TDT is closer to what I’m looking for, though it’s a … tad long.
Point, but there’s also the middle ground “I’m not sure if he’s a crank or not, but I’m busy so I won’t look unless there’s some evidence he’s not.”
The big two I’ve come up with is a) he actually changes his mind about important things (though I need to find an actual post I can cite—didn’t he reopen the question of the possibility of a hard takeoff, or something?) and b) TDT.
Won some AI box experiments as the AI.
Sure, but that’s hard to prove: given “Eliezer is a crank,” the probability of “Eliezer is lying about his AI-box prowess” is much higher than “Eliezer actually pulled that off.”
The latest success by a non-Eliezer person helps, but I’d still like something I can literally cite.
I don’t see why anyone would think that. Plenty of people in the anti-vaccination crowd managed to convince parents to mortally endanger their children.
Yes, but that’s really not that hard. For starters, you can do a better job of picking your targets.
The AI-box experiment often is run with intelligent, rational people with money on the line and an obvious right answer; it’s a whole lot more impossible than picking the right uneducated family to sell your snake oil to.
Ohh, come on. Cyclical reasoning here. You think Yudkowsky is not a crank, so you think the folks that play that silly game with him are intelligent and rational (by the way a plenty of people who get duped by anti-vaxxers are of above average IQ), and so you get more evidence that Yudkowsky is not a crank. Cyclical reasoning doesn’t persuade anyone who isn’t already a believer.
You need non-cyclical reasoning. Which would generally be something where you aren’t the one having to explain people that the achievement in question is profound.
You probably mean “circular”.
This bit confuses me.
That aside:
Non sequitur. From the posts they make, everyone on this site seems to me to be sufficiently intelligent as to make “selling snake oil” impossible, in a cut-and-dry case like the AI box. Yudowsky’s own credibility doesn’t enter into it.
I thought you wanted to persuade others.
So what do you think even happened, anyway, if you think the obvious explanation is impossible?
Yes, but I don’t see why this is relevant
Ah, sorry. This brand of impossible.
Originally, you were hypothesising that the problem with persuading the others would be the possibility that Yudkowsky lied about AI box powers. I pointed out the possibility that this experiment is far less profound than you think it is. (Albeit frankly I do not know why you think it is so profound).
What ever is the brand, any “impossibilities” that happen should lower your confidence in the reasoning that deemed them “impossibilities” in the first place.

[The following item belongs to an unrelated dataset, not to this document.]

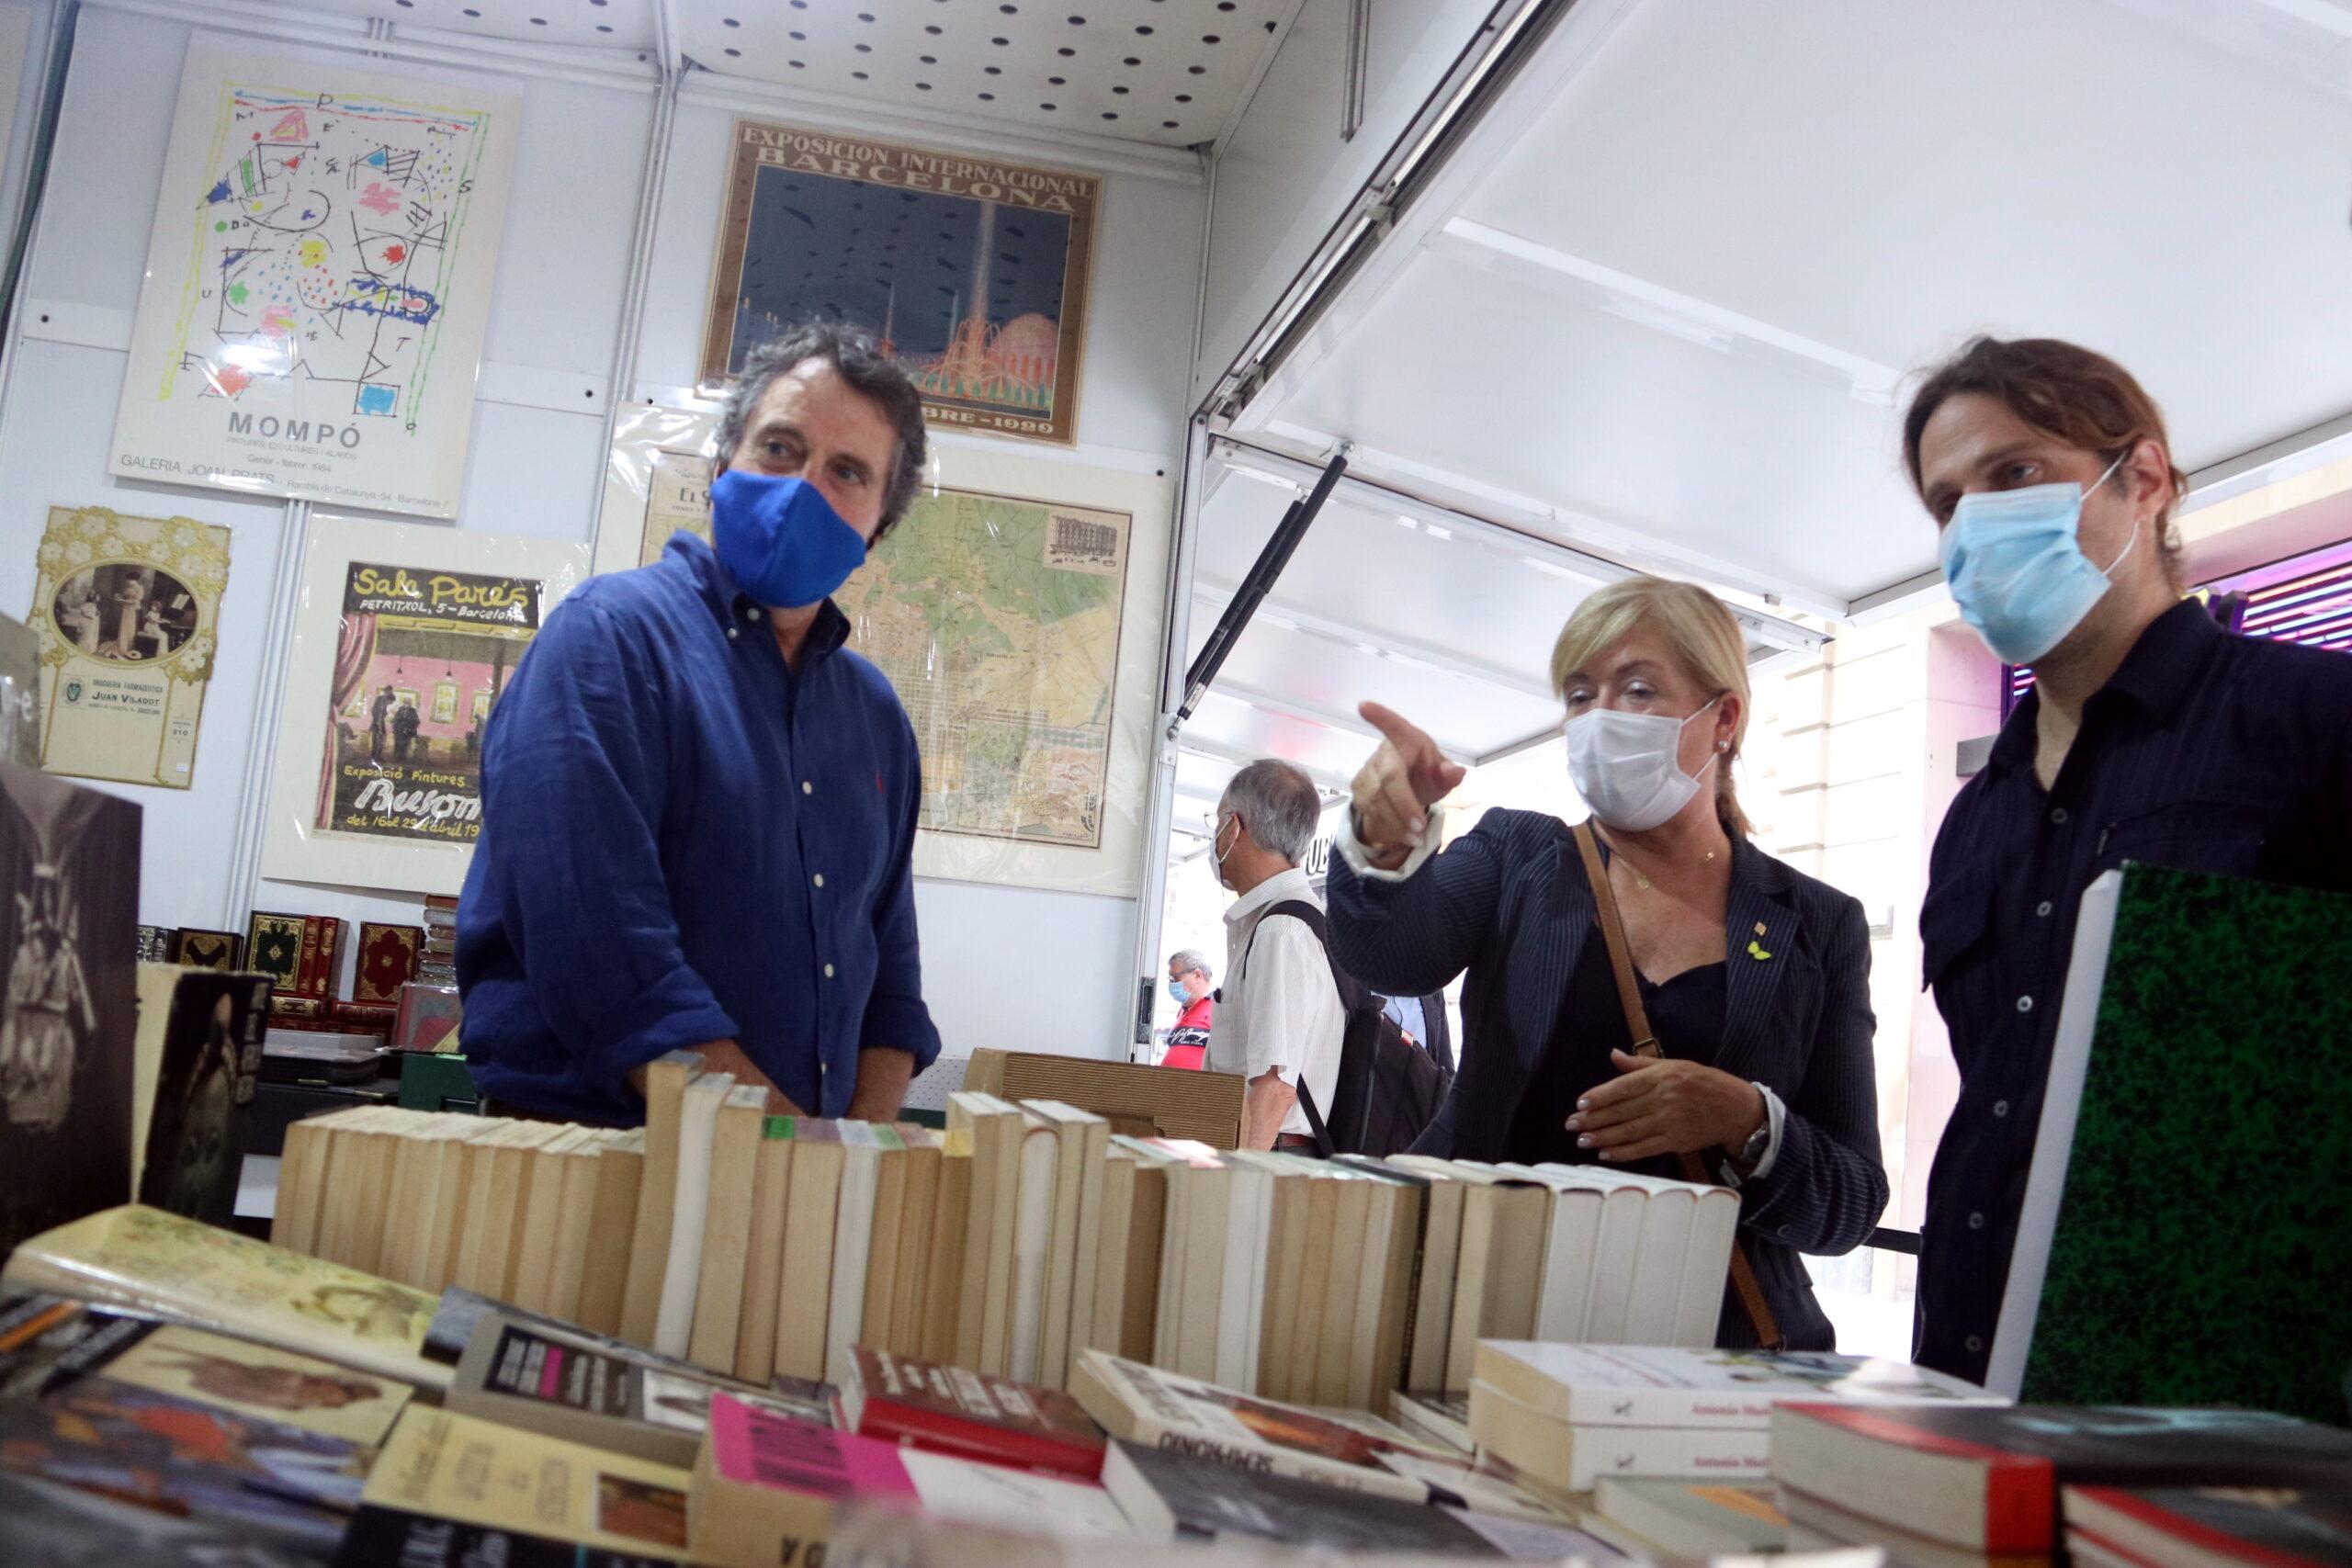 La Fira del Llibre d'Ocasió, Antic i Modern, que va començar divendres, és un baló d'oxigen per als llibreters / ACN

I don’t think IQ is so strongly protective against deception, for example, and I do not think that you can assess something based on how the postings look to you with sufficient reliability as to overcome Gaussian priors very far from the mean.
edit: example. I would deem it quite unlikely that Yudkowsky could, for example, score highly on a programming contest with competent participants or in any other conventional, validated, reliable metric of technical expertise and ability, under good contest rules (i.e. excluding the possibility of externals assistance). So if he did something like that, I’d be quite surprised, and lower the confidence in what ever models deemed that impossible; good old Bayes. I’m far more confident in the validity of those conventional metrics (and in lack of alternate modes of passing, such as persuasion) than in my assessment so my assessment would change the most. Meanwhile, when it’s some unconventional game, well, even if I thought that this game is difficult, I’d be much less confident in the reasoning “it looks hard so it must be hard” than the low prior of exceptional performance is low.
Further, in this case the whole purpose of the experiment was to demonstrate that an AI could “take over a gatekeeper’s mind through a text channel” (something previously deemed “impossible”). As far as that goes it was, in my view, successful.
It’s clearly possible for some values of “gatekeeper”, since some people fall for 419 scams. The test is a bit meaningless without information about the gatekeepers
Still have no idea what you’re talking about. What I originally said was: “the people who talk to Yudkowsky are intelligent” does not follow from “Yudkowsky is not a crank”; I independently judge those people to be intelligent.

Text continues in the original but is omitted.